Generalised linear models (GLMs) were also constructed in order to study the interaction of TOMM40 on age of disease onset, correcting for APOE ε allele status and sex. Again, GLMs were carried out when considering populations of APOE ε3/ε3 carriers only. Residual plots were examined for all models and no violations were noted. Correction for multiple comparisons was conducted using Bonferroni pairwise comparisons.
Subsequently, the load combination of TOMM40 ‘523’ S allele carrier status (being S/S genotype, carriage of one S allele, and non-carriage of the S allele) and APOE ε4 status (the genotype ε4/ε4, carriage of one ε4 allele and non-carriage of the ε4 allele) were combined to produce 5 groups. Mean comparisons were then analysed using the Kruskal-Wallis one-way analysis of variance and univariate GLMs. This analysis was repeated in the combinations of TOMM40 ‘523’ S allele carrier status and APOE ε2 status, and TOMM40 ‘523’ VL allele carrier status and APOE ε4 status.

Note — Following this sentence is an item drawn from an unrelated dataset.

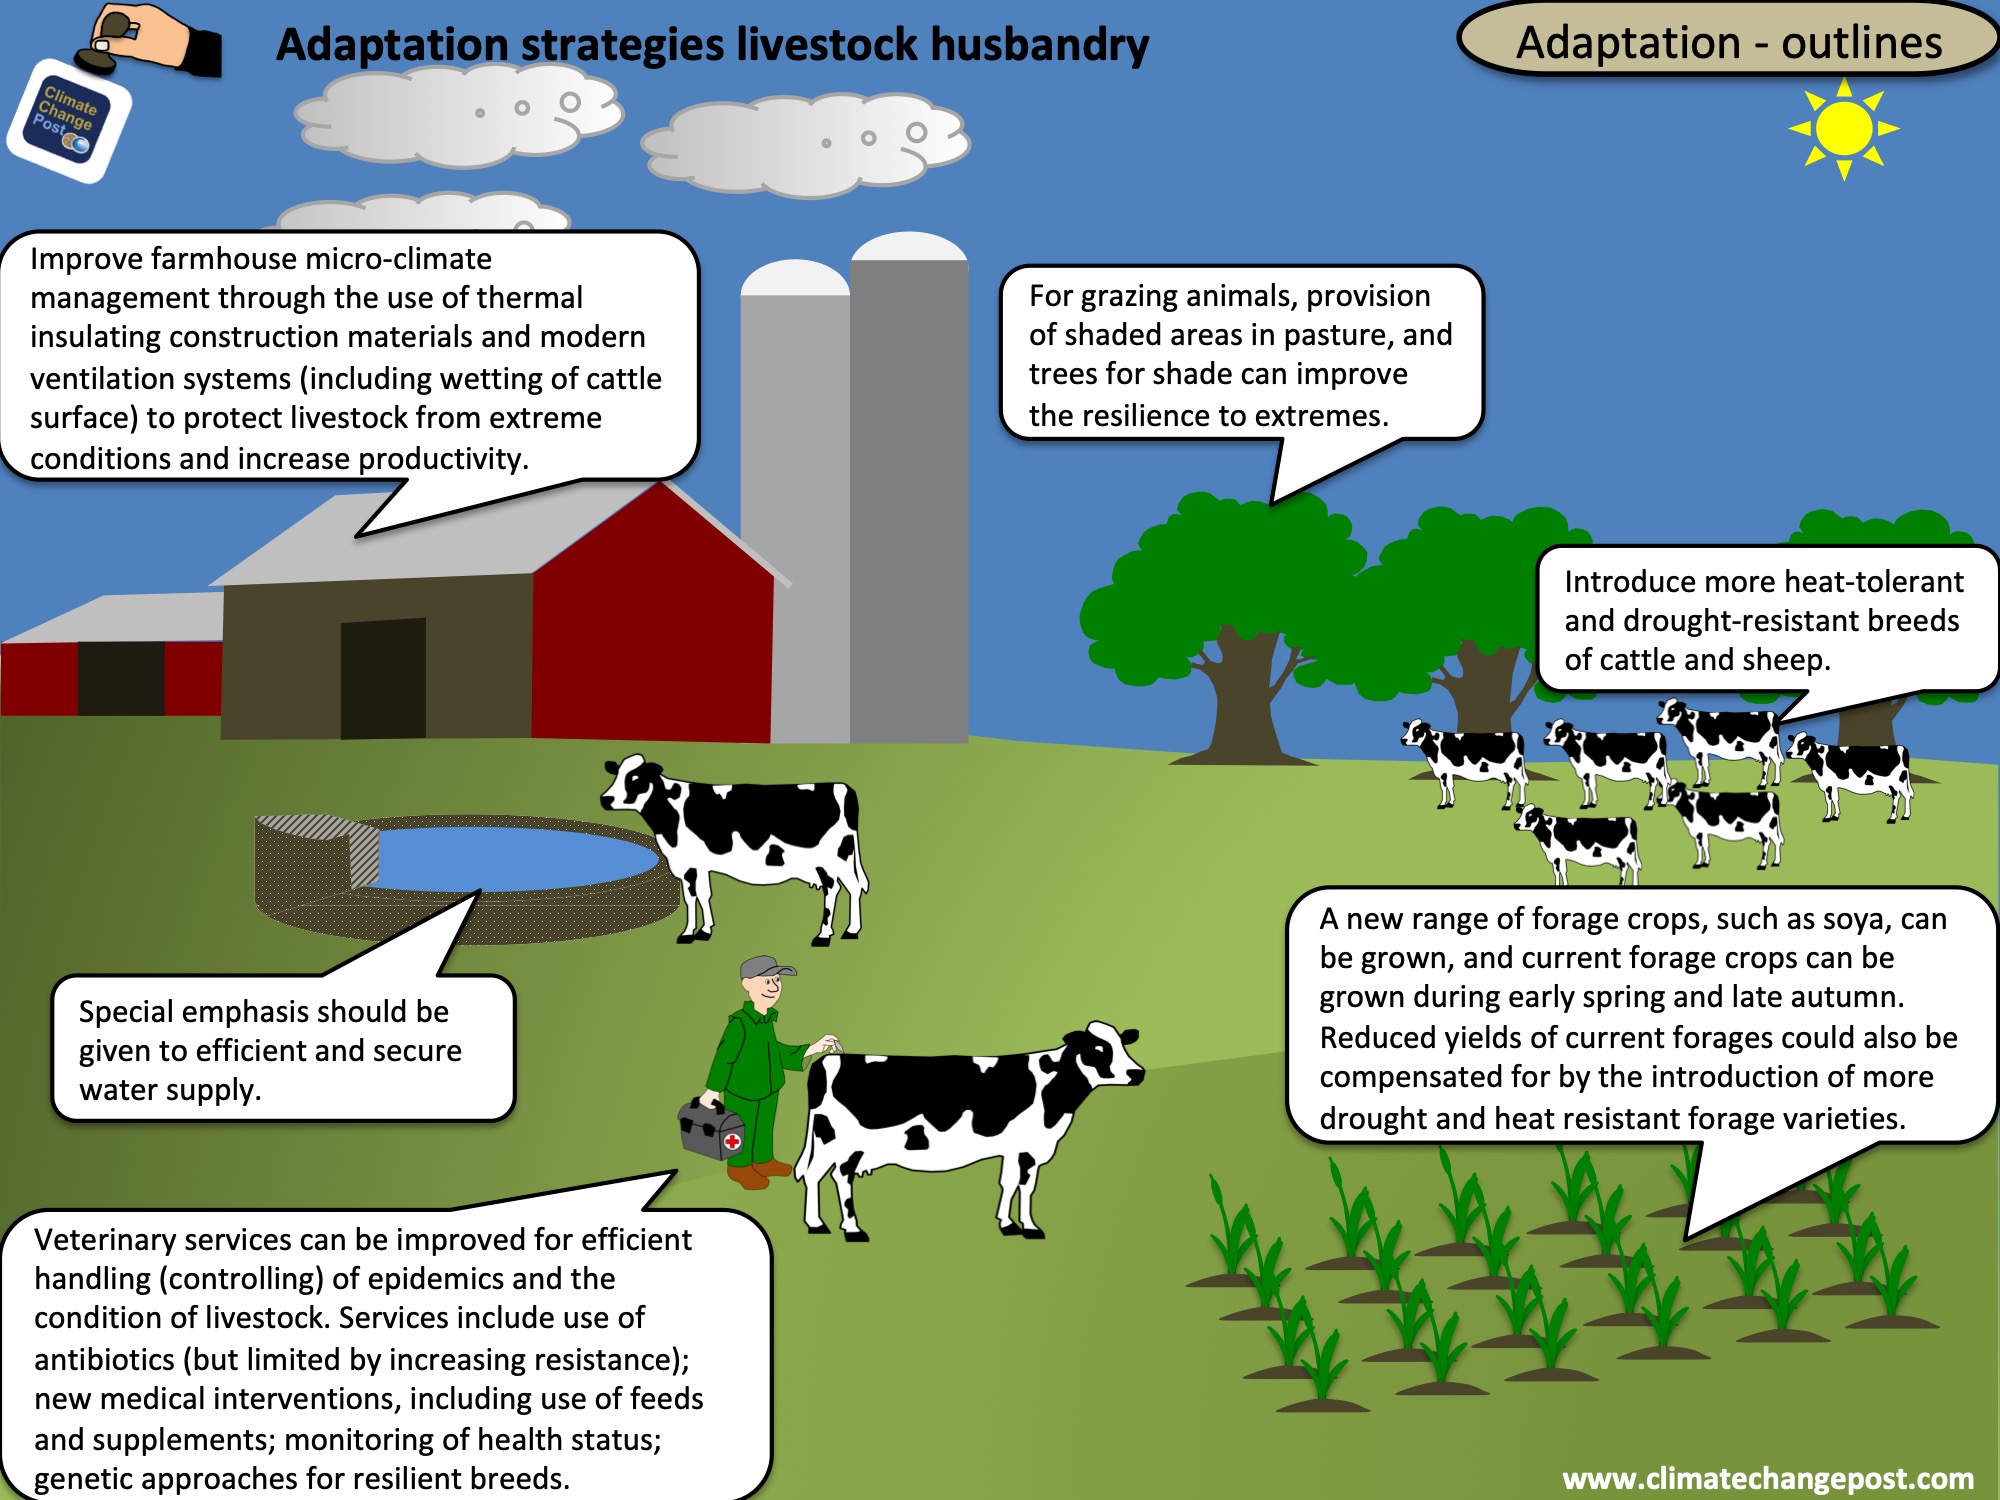 Agriculture Part 4 Adaptation - Slideshows

Finally, Kaplan-Meier curves for age at PD symptom onset were estimated, stratified by TOMM40 ‘523’ genotype as well as both the TOMM40 ‘523’ and APOE genotype. To compare the survival curves, the log rank test was applied, placing weight on longer survival periods 31,32. Allelic stratification by TOMM40 ‘523’ was also run using Kaplan-Meier analysis. Additionally, all distributions of ages at onset adjusting for sex were compared via Cox proportional hazard regression models.